* [Information provided]
--- START ---
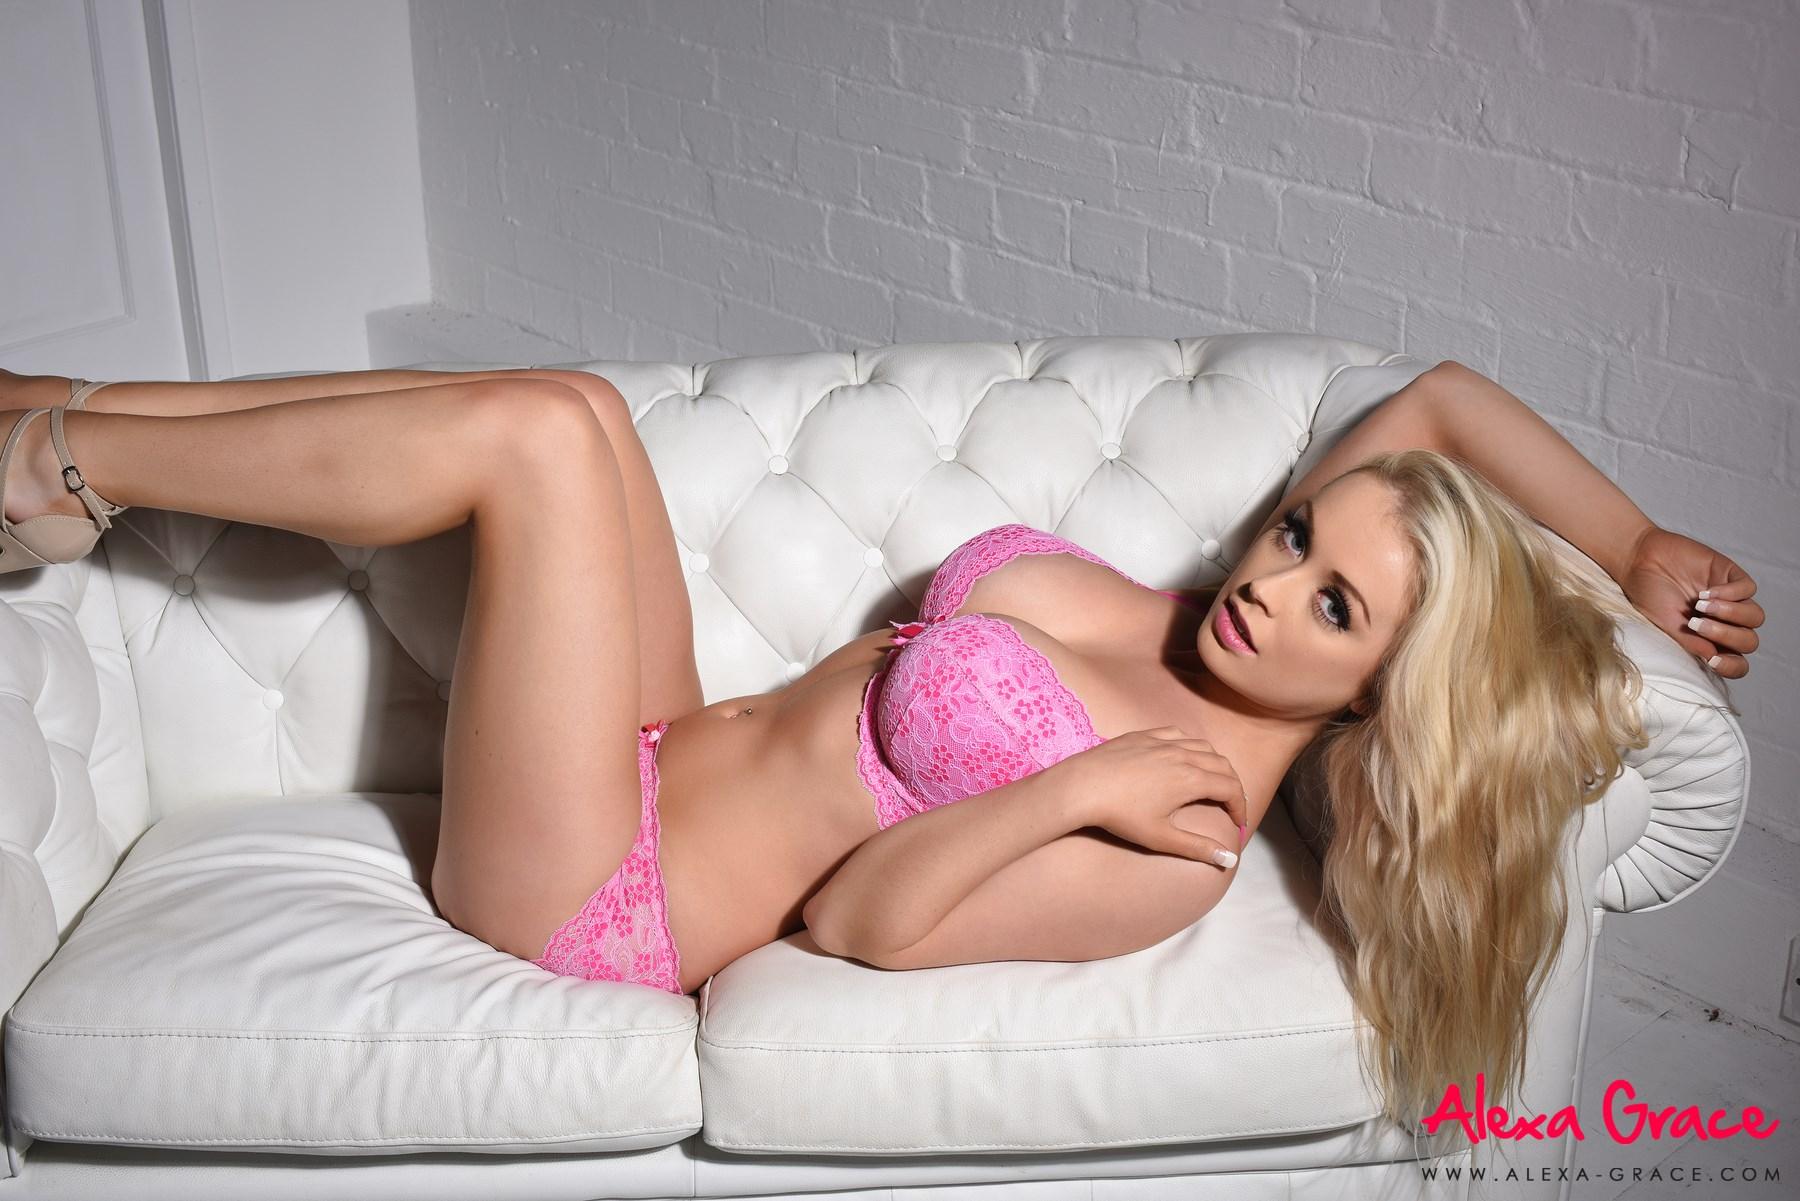 Melissa debling naked
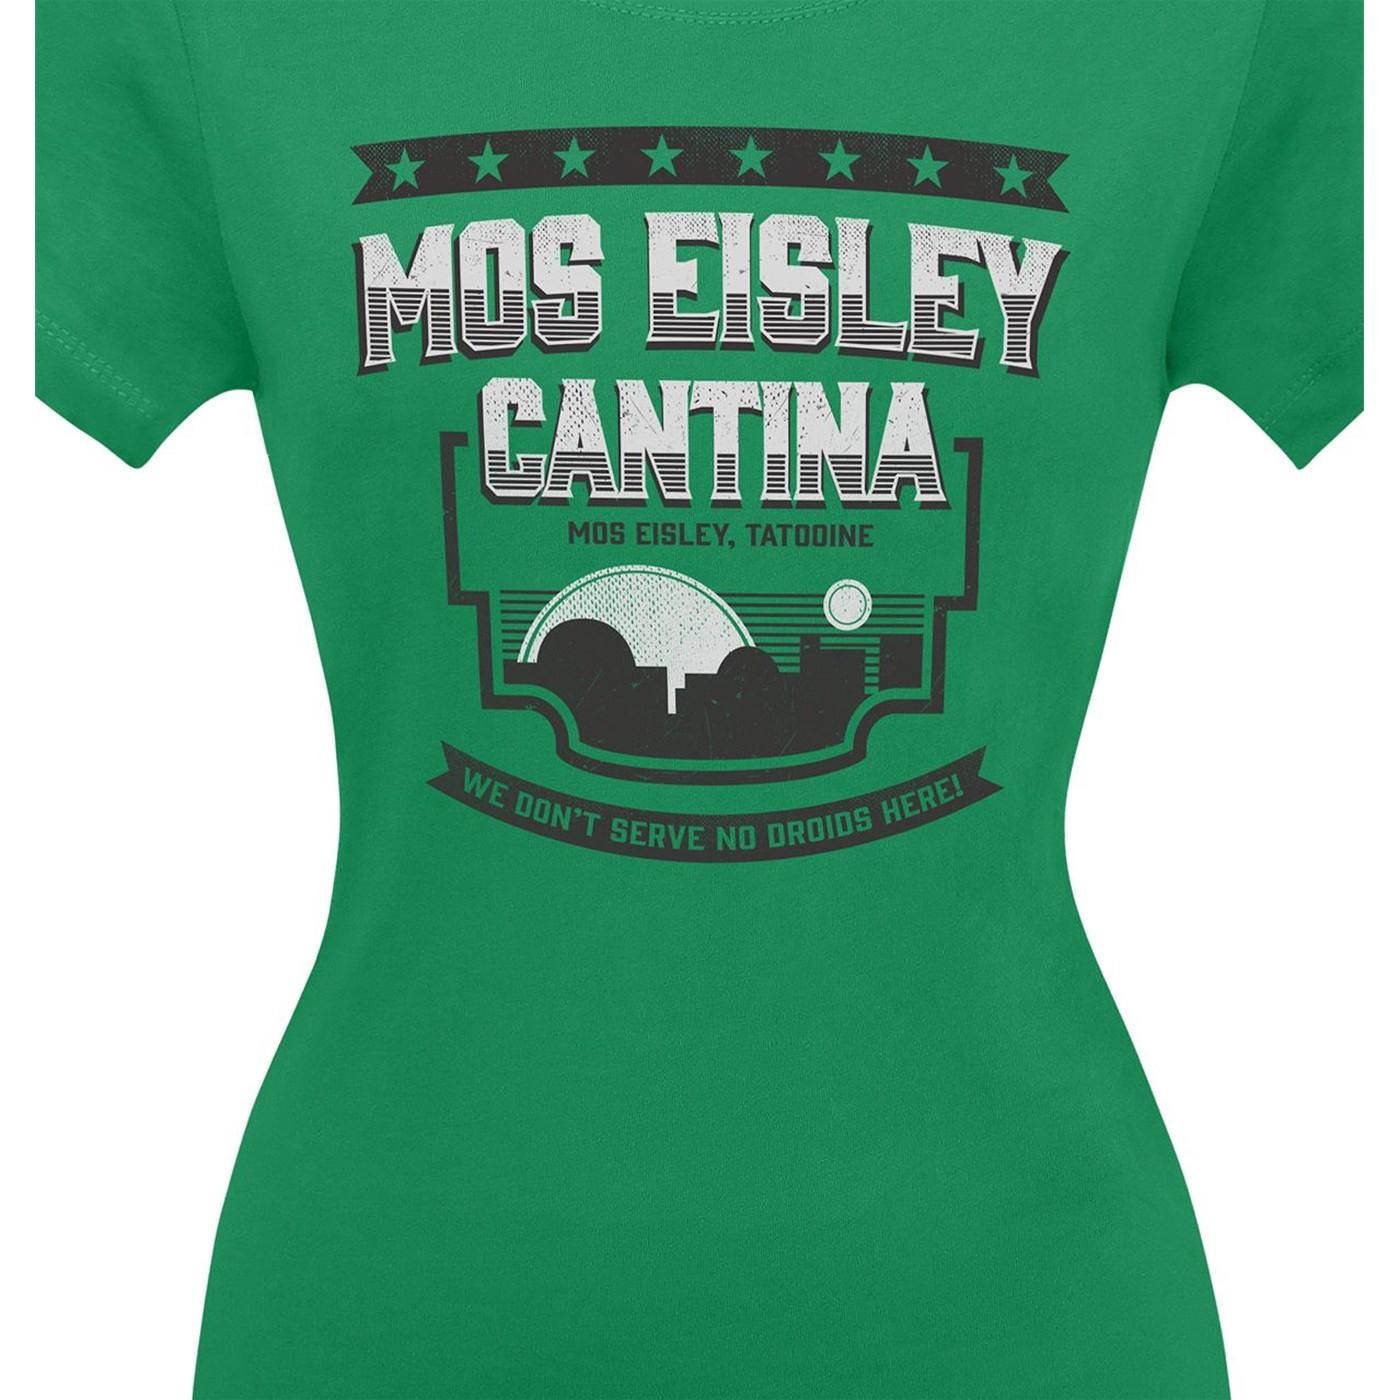 Mos Eisley Cantina Women's T-Shirt
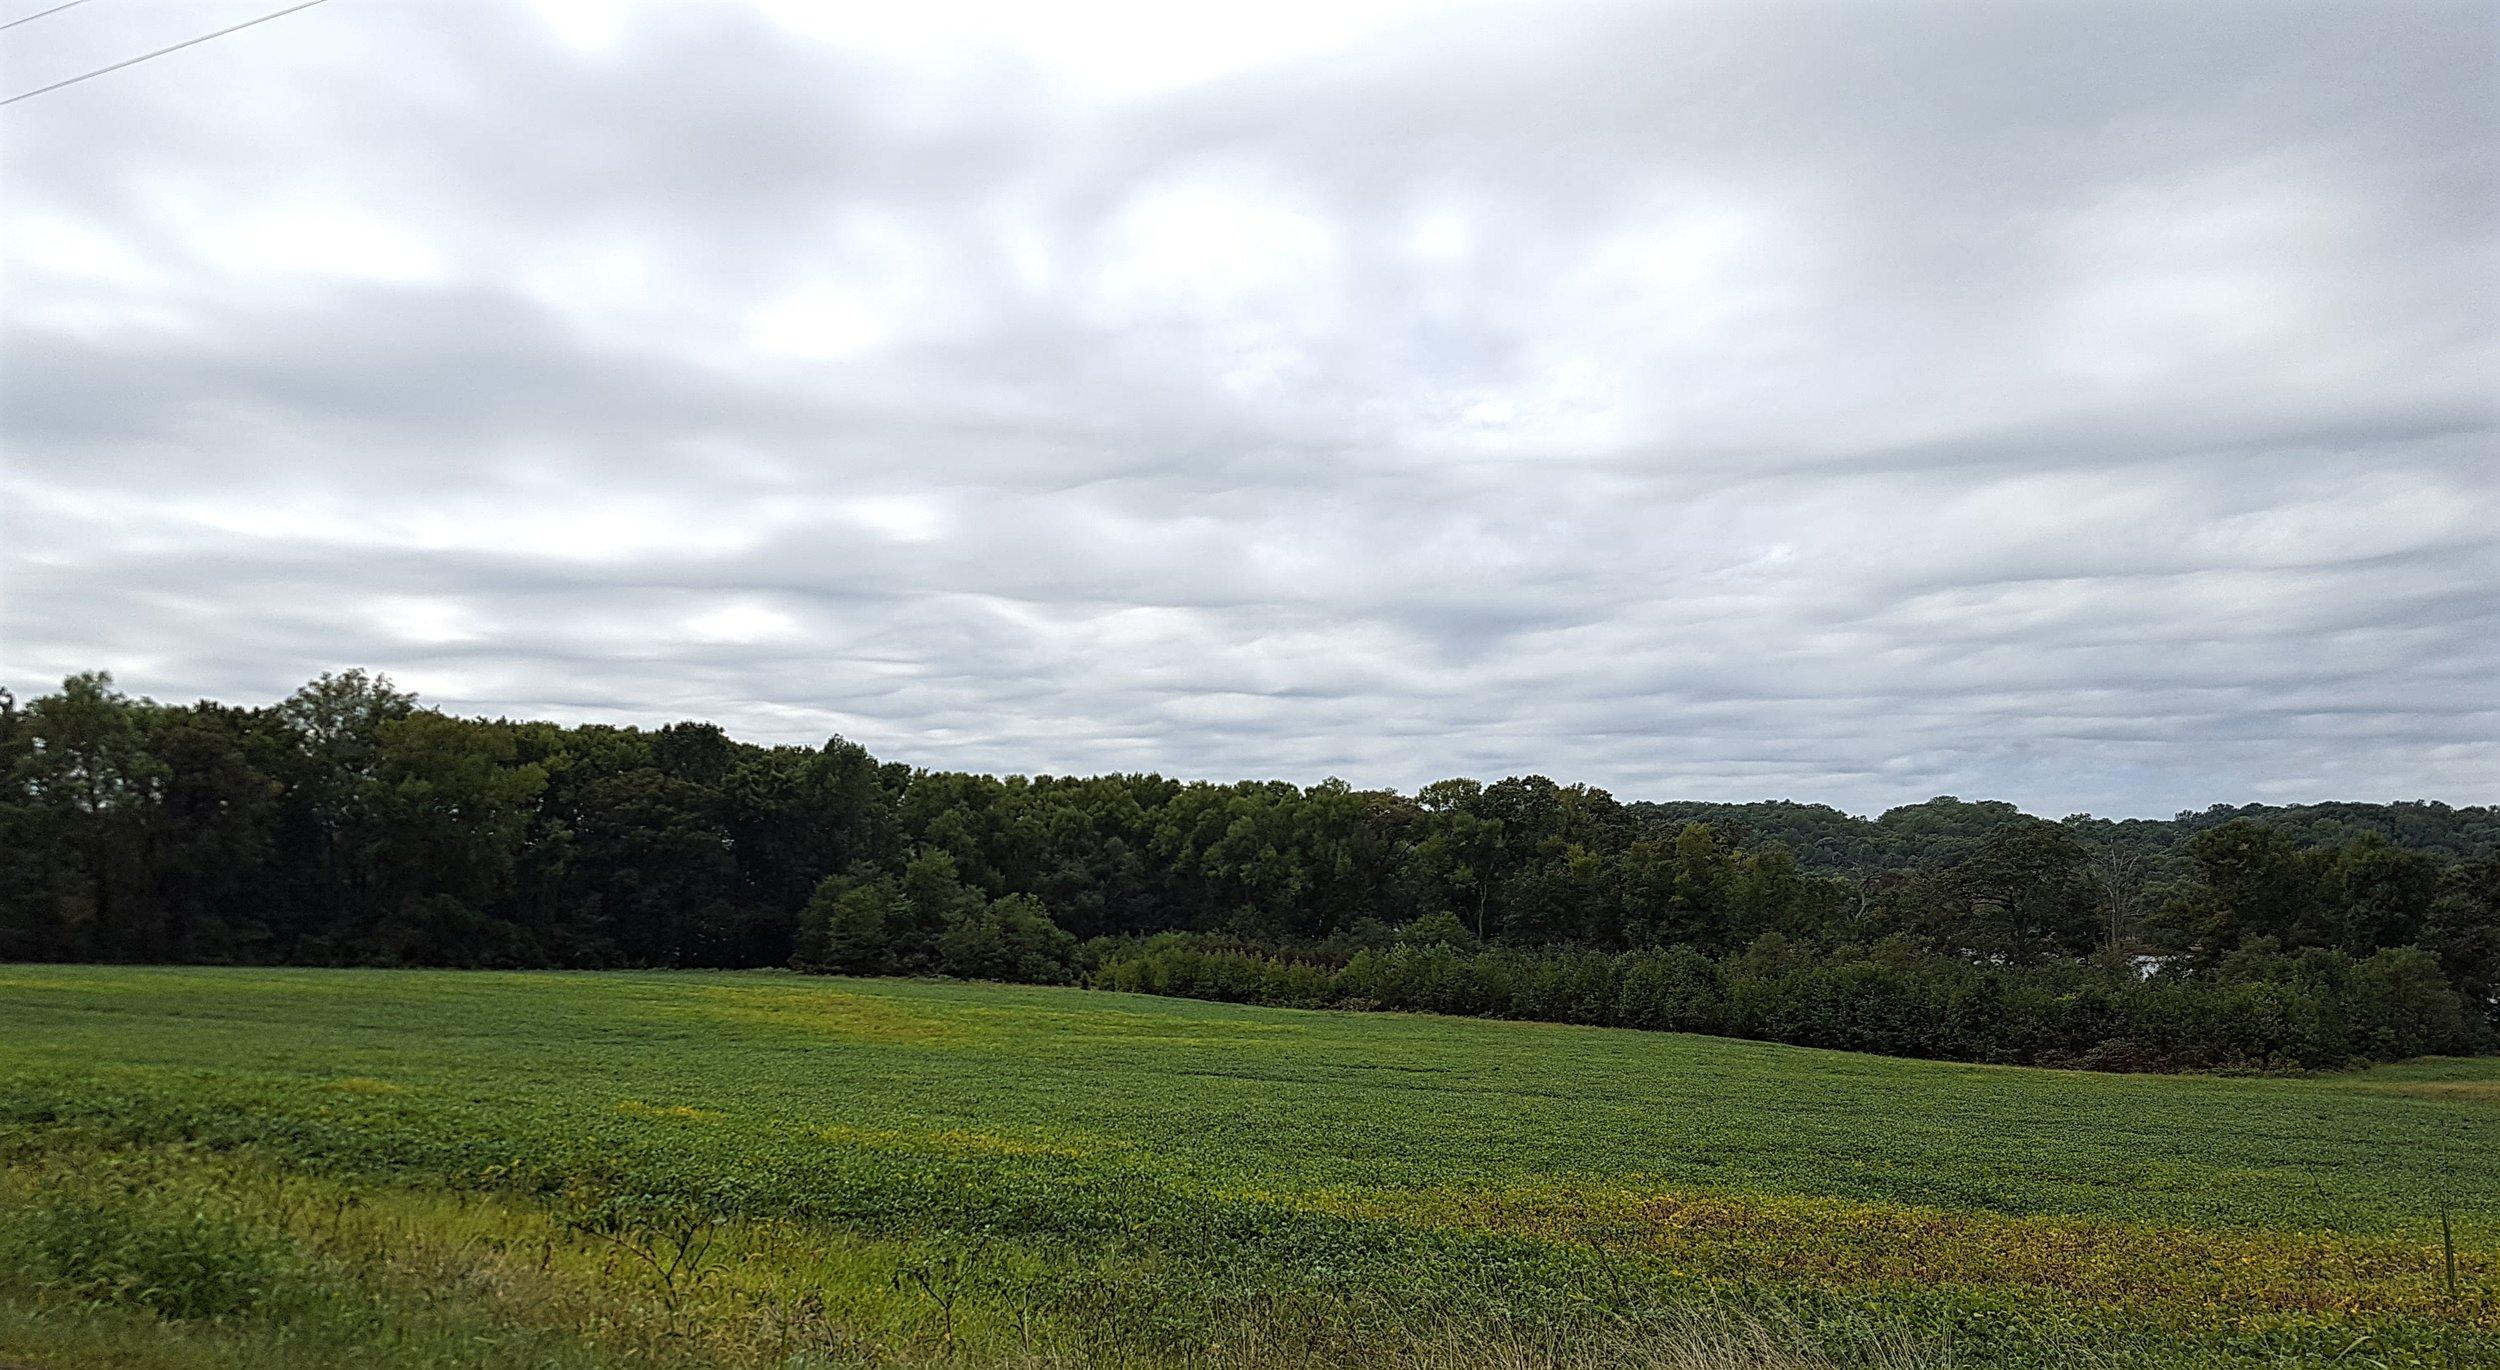 Maryland Countryside
--- END ---
* [About this exercise] A faithful copy of all the data above, without its pictures, is the expected result.

* [Answer space]
 Melissa debling naked
 Mos Eisley Cantina Women's T-Shirt
 Maryland Countryside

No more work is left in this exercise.